Мы придвинулись к столу, и он начал.

Дед мой (царство ему небесное! Чтоб ему на том свете елись одни только буханци пшеничные, да маковники в меду!) умел чудно рассказывать. Бывало, поведет речь, — целый день не подвинулся бы с места и все бы слушал. Уж не чета какому-нибудь нынешнему балагуру, который как начнет москаля везть[1], да еще и языком таким, будто ему три дня есть не давали, то хоть берись за шапку, да из хаты. Как теперь помню, — покойная старуха, мать моя, была еще жива, — как в долгий зимний вечер, когда на дворе трещал мороз и замуровывал наглухо узенькое окно нашей хаты, сидела она перед гребнем, выводя рукою длинную нитку, колыша ногою люльку и напевая песню, которая как будто теперь слышится мне.

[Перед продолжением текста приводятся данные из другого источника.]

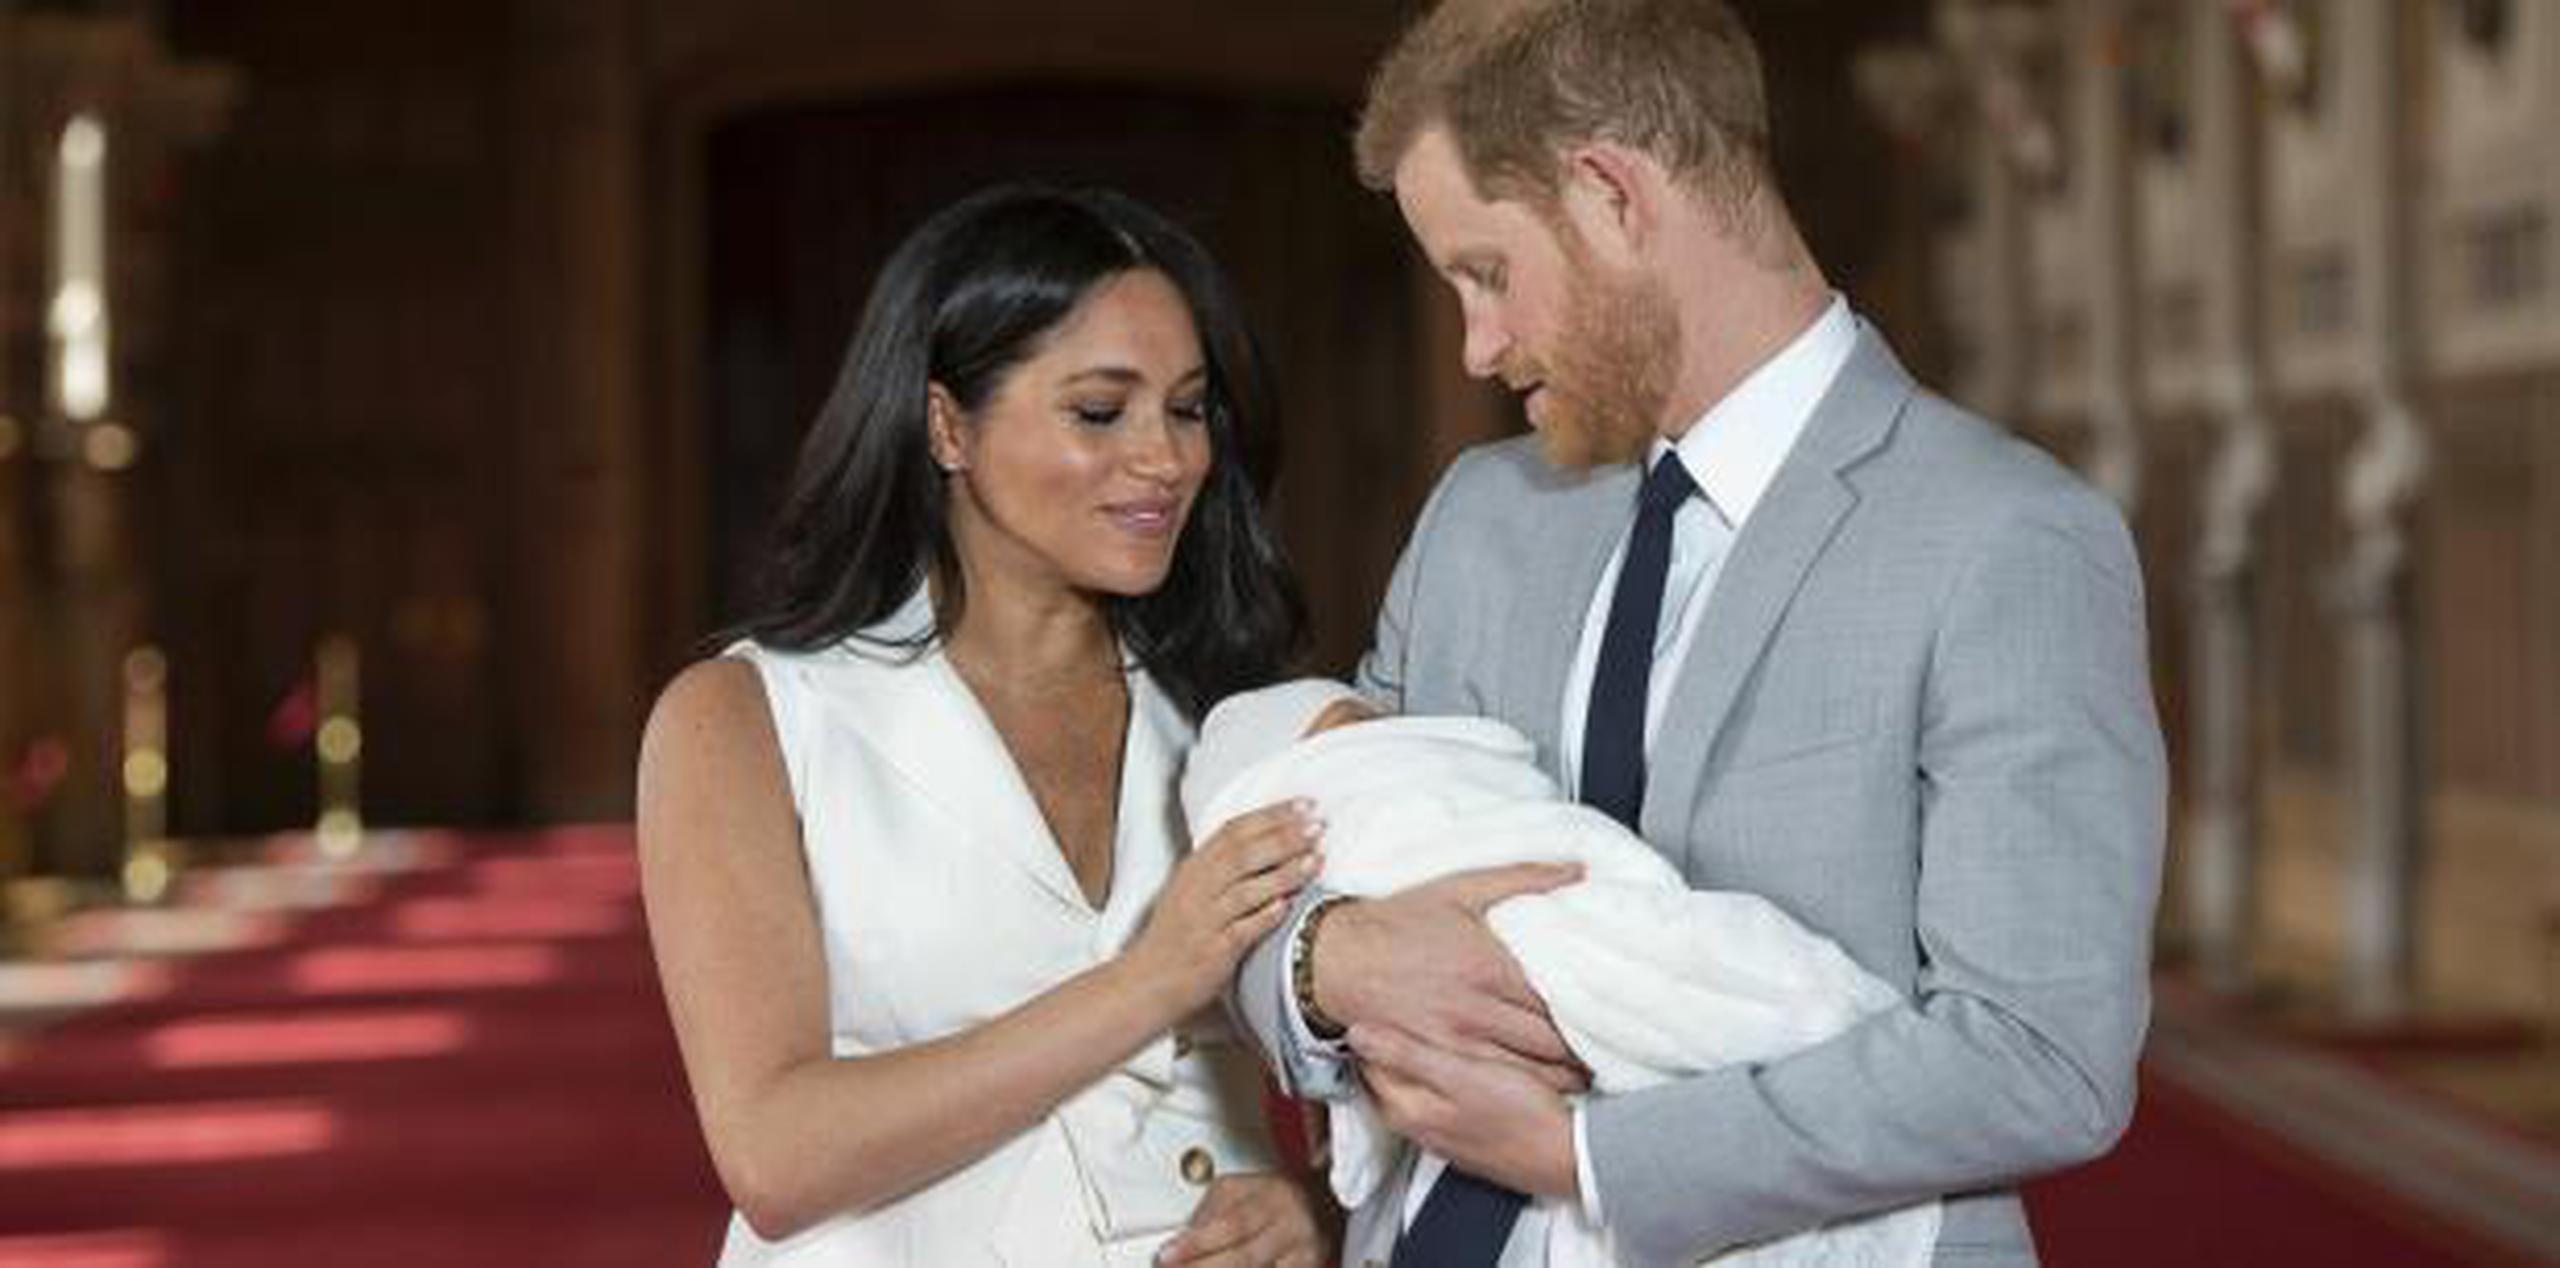 Markle, de tez negra, y el príncipe presentaron ayer a su hijo nacido el martes, y revelaron que se llamaría Archie Harrison Mountbatten-Windsor. (archivo)

Старуха, мать моя… сидела перед гребнем, выводя рукою длинную нитку.

Каганец, дрожа и вспыхивая, как бы пугаясь чего, светил нам в хате. Веретено жужжало; а мы все, дети, собравшись в кучку, слушали деда, не слезавшего от старости более пяти лет с своей печки.

…мы все, дети, собравшись в кучку, слушали деда, не слезавшего более пяти лет с своей печки.

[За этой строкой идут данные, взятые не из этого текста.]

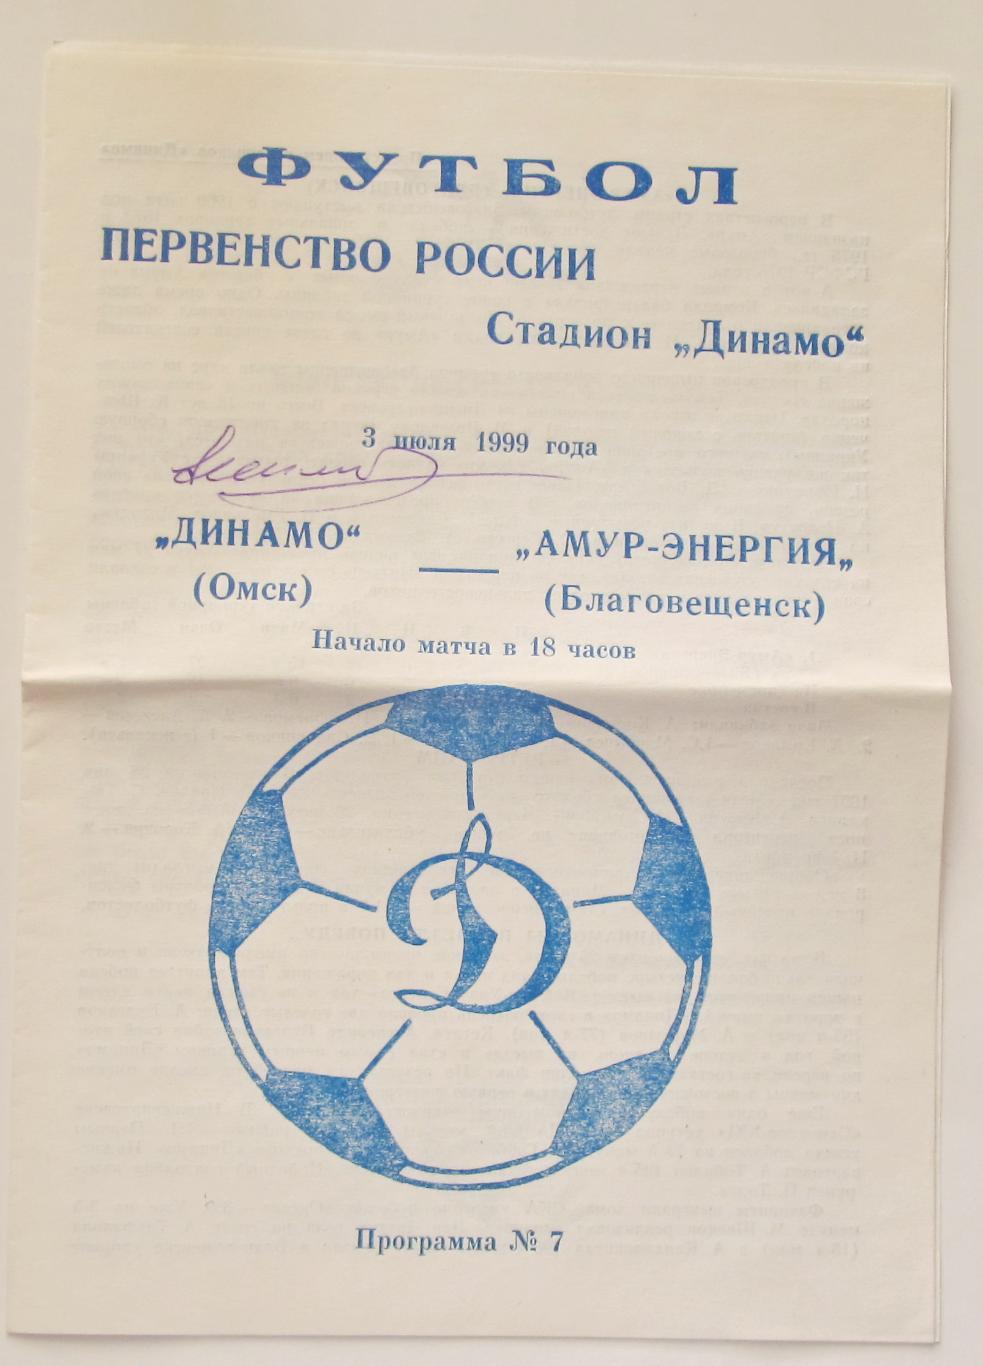 Автограф Н.Симоняна на футбольной программе.

Но ни дивные речи про давнюю старину, про наезды запорожцев, про ляхов, про молодецкие дела Подковы, Полтора-Кожуха и Сагайдачного не занимали нас так, как рассказы про какое-нибудь старинное чудное дело, от которых всегда дрожь проходила по телу и волосы ерошились на голове. Иной раз страх, бывало, такой заберет от них, что с вечера все показывается, Бог знает, каким чудищем. Случится, ночью выйдешь за чем-нибудь из хаты, вот так и думаешь, что на постели твоей уклался спать выходец с того света. И, чтобы мне не довелось рассказывать этого в другой раз, если я не принимал часто издали собственную свитку, положенную в головах, за свернувшегося дьявола. Но главное в рассказах деда было то, что в жизнь свою он никогда не лгал, и что, бывало, ни скажет, то именно так и было.

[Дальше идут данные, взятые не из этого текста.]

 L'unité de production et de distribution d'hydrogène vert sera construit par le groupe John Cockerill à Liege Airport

Одну из его чудных историй перескажу теперь вам. Знаю, что много наберется таких умников, пописывающих по судам и читающих даже гражданскую грамоту, которые, если дать им в руки простой часослов, не разобрали бы ни аза в нем, а показывать на позор свои зубы — есть уменье. Им все, что ни расскажешь, в смех. Этакое неверье разошлось по свету! Да чего? — вот, не люби Бог меня и Пречистая Дева! — вы, может, даже не поверите: раз как-то заикнулся про ведьм — что ж? Нашелся сорви-голова — ведьмам не верит! Да, слава Богу, вот я сколько живу уже на свете, видел таких иноверцев, которым провозить попа в решете[2] было легче, нежели нашему брату понюхать табаку, а и те открещивались от ведьм. Но приснись им… не хочется только выговорить, что такое… Нечего и толковать об них.

Лет куды! Более чем за сто, говорил покойник дед мой, нашего села и не узнал бы никто: хутор, самый бедный хутор! Избенок десять, не обмазанных, не укрытых, торчало то там, то сям, посереди поля. Ни плетня, ни сарая порядочного, где бы поставить скотину, или воз. Это ж еще богачи так жили; а посмотрели бы на нашу братью, на голь: вырытая в земле яма — вот вам и хата! Только по дыму и можно было узнать, что живет там человек Божий. Вы спросите, отчего они жили так? Бедность не бедность: потому что тогда козаковал почти всякий и набирал в чужих землях немало добра; а больше от того, что незачем было заводиться порядочною хатою. Какого народу тогда не шаталось по всем местам: крымцы, ляхи, литвинство!

Крымцы, ляхи, литвинство!

Бывало то, что и свои наедут кучами и обдирают своих же. Всего бывало.

В этом-то хуторке показывался часто человек, или, лучше, дьявол в человеческом образе. Откуда он, зачем приходил, никто не знал. Гуляет, пьянствует и вдруг пропадет, как в воду, и слуху нет. Там, глядь — снова будто с неба упал, рыскает по улицам села, которого теперь и следу нет и которое было, может, не дальше ста шагов от Диканьки. Понаберет встречных козаков: хохот, песни, деньги сыплются, водка как вода…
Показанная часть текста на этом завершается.